My tact has been to dig to China all the way around the roots. I use a very sharp polished axe to whack at the 'unbreakable' roots. Goes through them like butter. I've had pretty poor luck with the sawz-all option...even with the long blade, any dirt that gets in the cut chews it up in a second to where you're sawing with nubs. If you are VERY careful about dirt, maybe, but I haven't had many holes without dirt!!! And no, I don't risk my chainsaw blade. Did it once. The fun lasted, literally, about 4 seconds.
For Pines: You can dig closer to the stump and just KEEP DIGGING. Eventually, you get below the tap-root and the whole root ball just tips over. Flip it in the hole and knock the dirt off, then lift it straight out.
For Oaks and Maples, you need to get a little further out. These, you can 'pry' up with the boom on float and using the back of the bucket for leverage. They pop up like a soda cap. Flip it over, knock the dirt up, and drop it in your trailer.

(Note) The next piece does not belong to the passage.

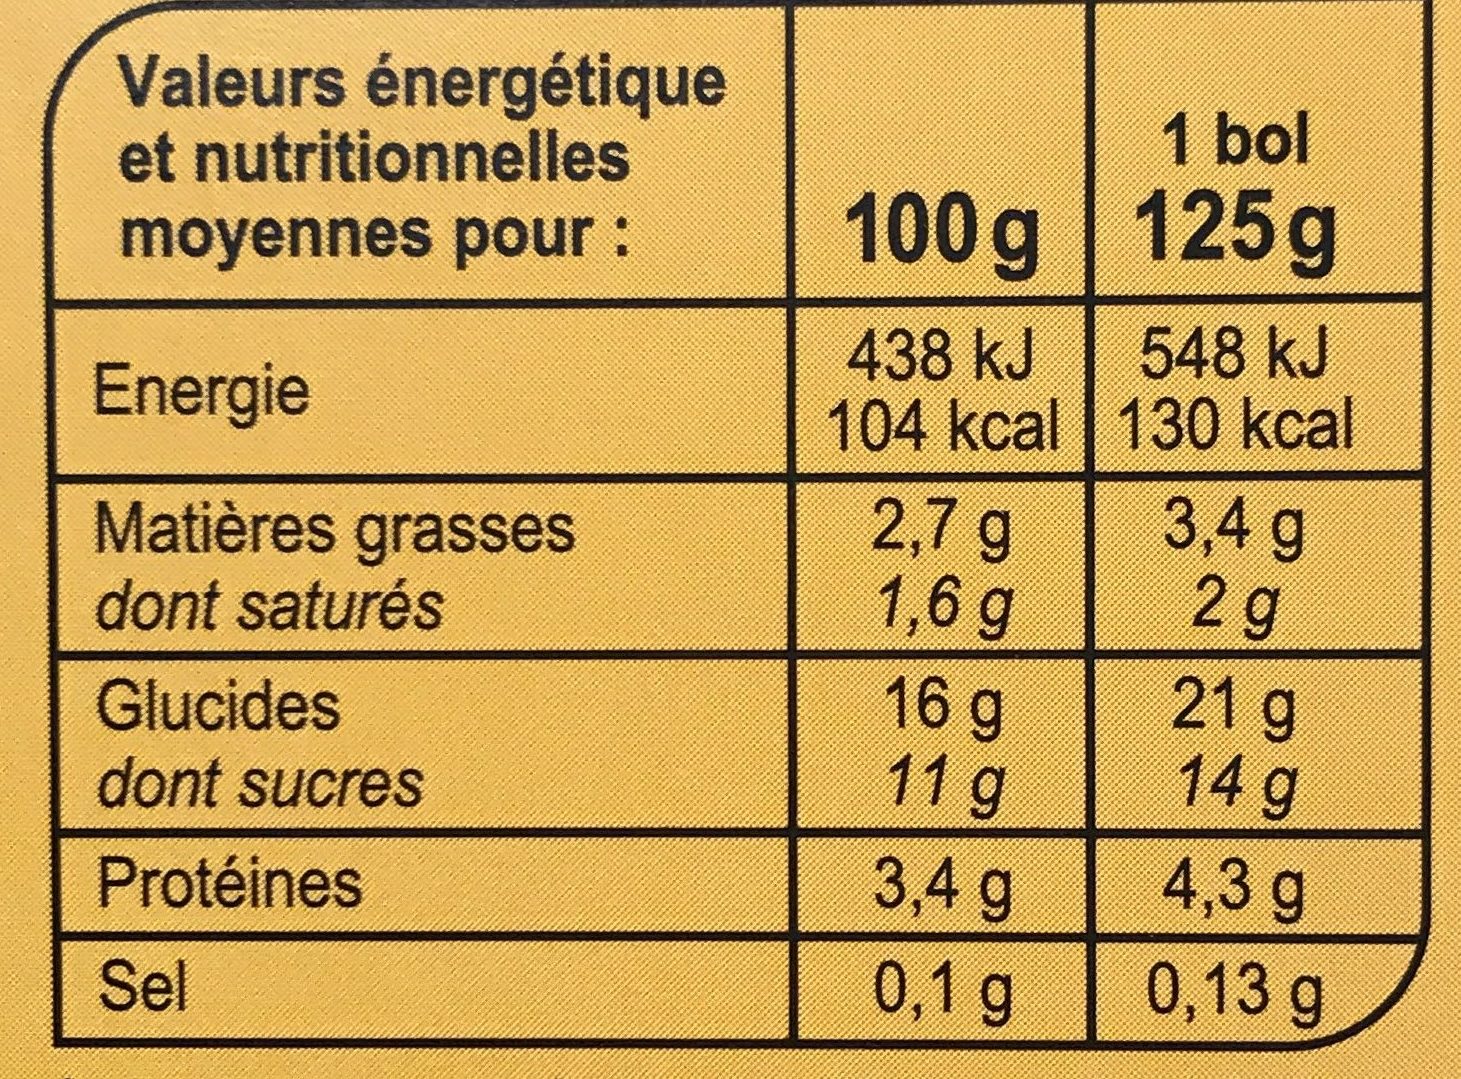 Onctueux de Semoule à la Fleur d'Oranger - Nutrition facts - fr

I've removed 8 or 9 Pine stumps to ~15" diameter and several Oak/Maple sumps, some of which were split-trunk monsters. Oddly, the most difficult was a smallish (~8") pine that just wouldn't let go. I had to go over 4 feet straight down on all sides before it would finally give way to the bucket...it was just flopping around the hole for a solid 30 minutes while I kept digging to liberate it. Very frustrating.
Typical dig/remove and replace soil takes about 1 to 1.5 hours.